Times there is a part of the new fund at the end of storage, the new funds come in to enjoy it after the original position growth. When the market fell, sub-fund positions the new fund is so unlike the old, falling will be less. Compared to what, I think this is a good choice, but it is hard to say is not the best choice. Because in the long term, to buy the old fund and buy a new fund, sub-not very different from the results of the new fund. Sometimes the short-term looks good choice in the long run may not necessarily well, this situation often occurs in the investment field.

Moderator: Many people know to do long-term investment funds, but it seems that the process of doing is not easy, mainly because the volatility of the market for our psychological an impact do you think how long-term investment fund? How can we waver, has been held?

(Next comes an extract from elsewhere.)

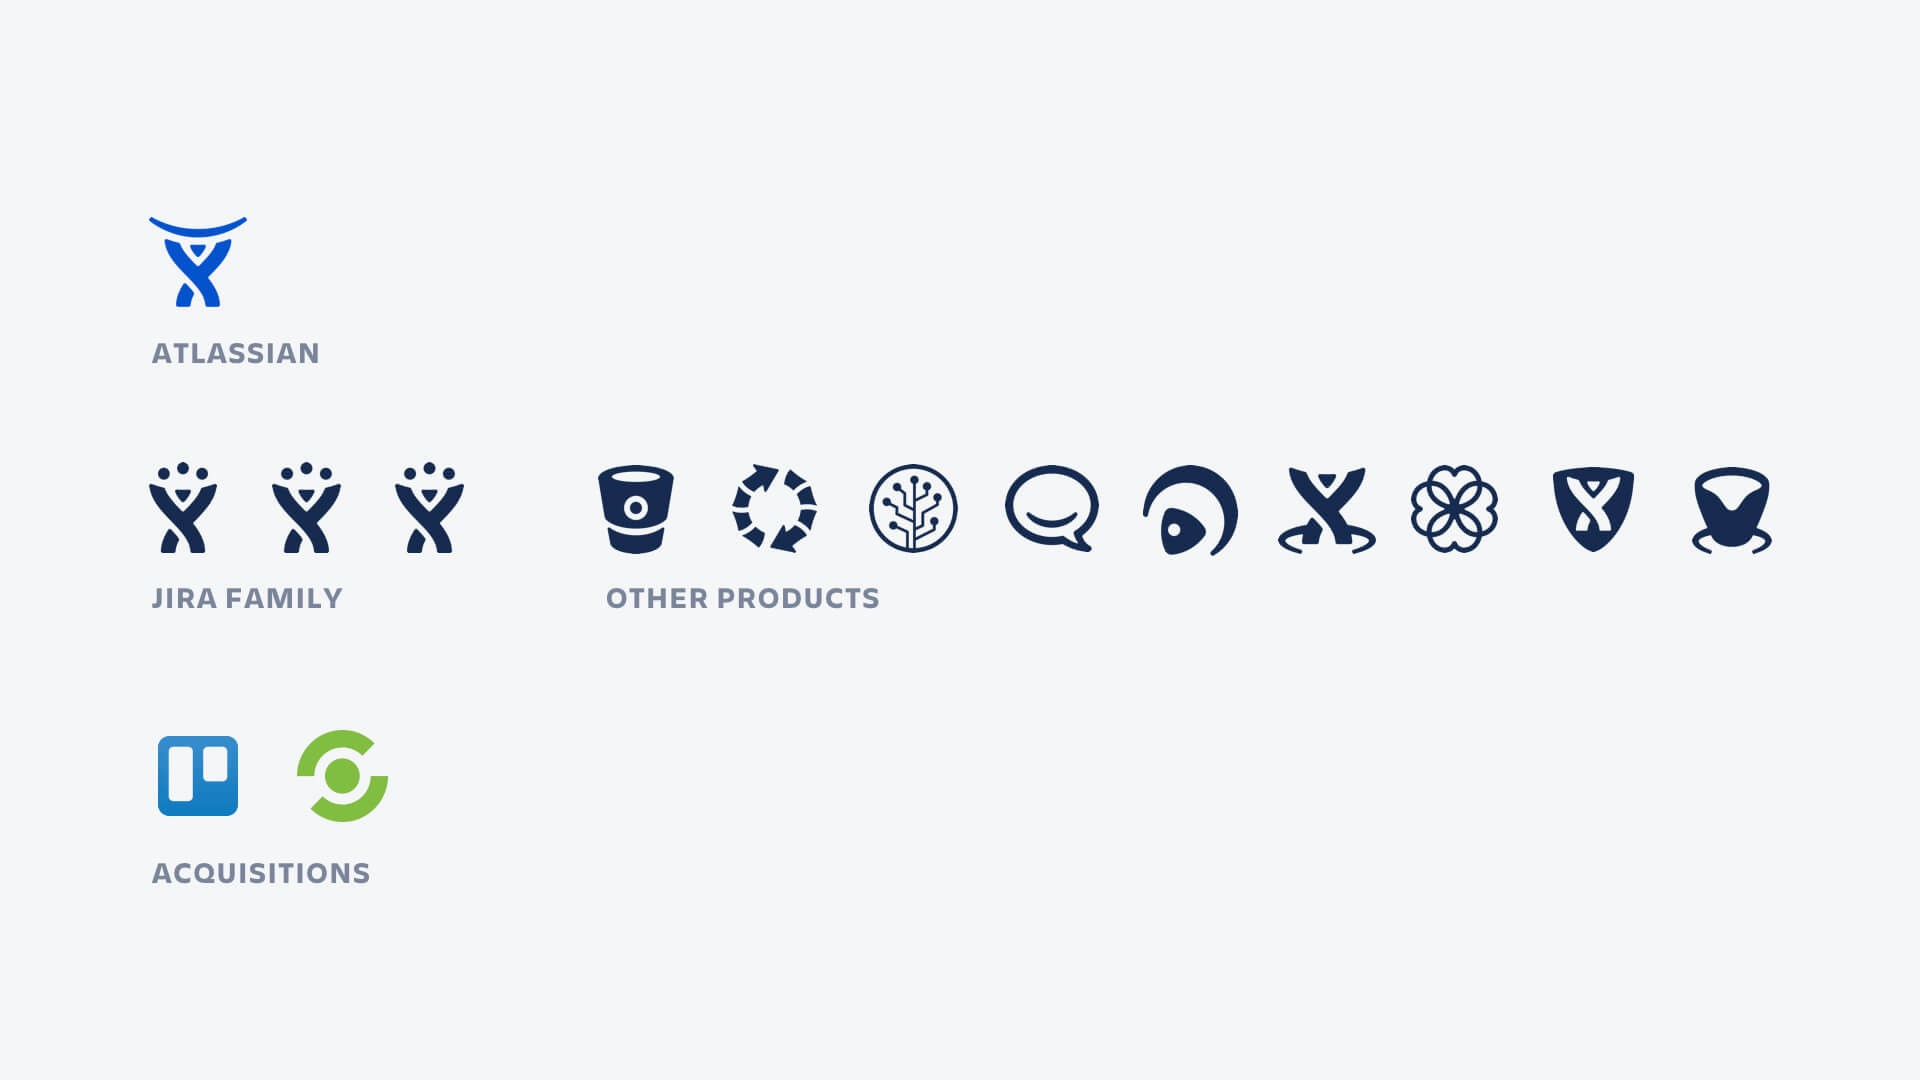 Atlassian's Former 'House of Brands' (source: https://medium.com/designing-atlassian/behind-the-scenes-of-the-atlassian-rebrand-f6ba1592377e)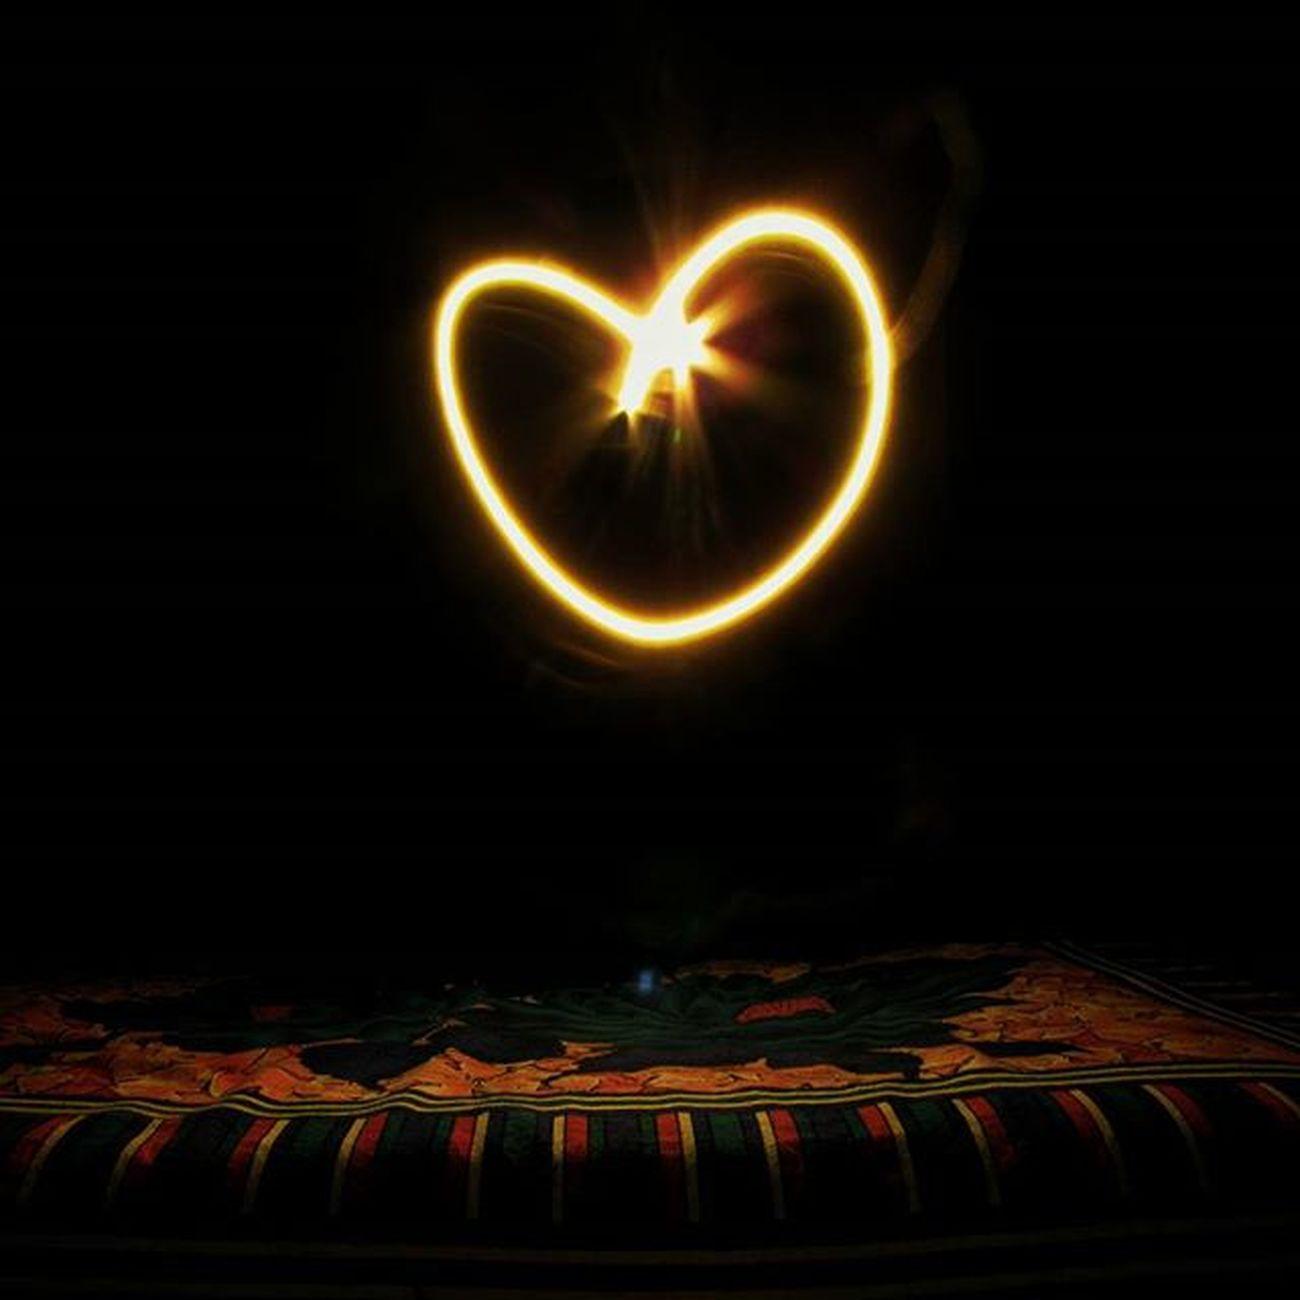 || H E A R T || Heart Lightpainting LghtArt Slowshutter Camera Canon Timepass Playing Ig_calcutta Lights Diwali Kalipuja DiwaliwithLP Lonelyplanetindia LPIndia _cic Kolkata_igers Kolkata House

Song Sanjiang: we must first understand the long-term holders of outstanding Fund and the operation of the Fund's results of band exactly how different. In 1965 to 2005 in 41 years time, "Warren" Buffett management of the Fund's assets an average annual rate of 21.5%. Accordance with the compound interest calculation, if the initial 1 million yuan Investment, with a continuous 41 years to obtain 21.5% return, you have total wealth will reach 29.3513 million yuan. If the action taken by band approach to invest in equity funds, can be simplified band operate one of the most simple form, that is, 41 years, there are 21 years to hold equity funds, while the rest of the 20-year cash. Operations through the band can be assumed to hold equity funds to achieve an annual yield of 30% per year, which is equivalent to the average annual income Buffett 150%, should be fairly optimistic assumption. At the same time, we assume an annual cash yield of 2% (this is already far more than the current bank account 0.72% interest rate). Well, according to compound terms, 41 years later, you 1 million investment can only become 3.6812 million yuan. Clearly, if the band operating fund, you can get the original wealth of 29.3413 million yuan into 3.6712 million yuan. This is close to 8:1 contrast inside. This phenomenon is a universal law of investment funds, but also a result of compound growth. If there is no vision, there is not enough for anyone, it is difficult to enjoy long-term investment fund returns.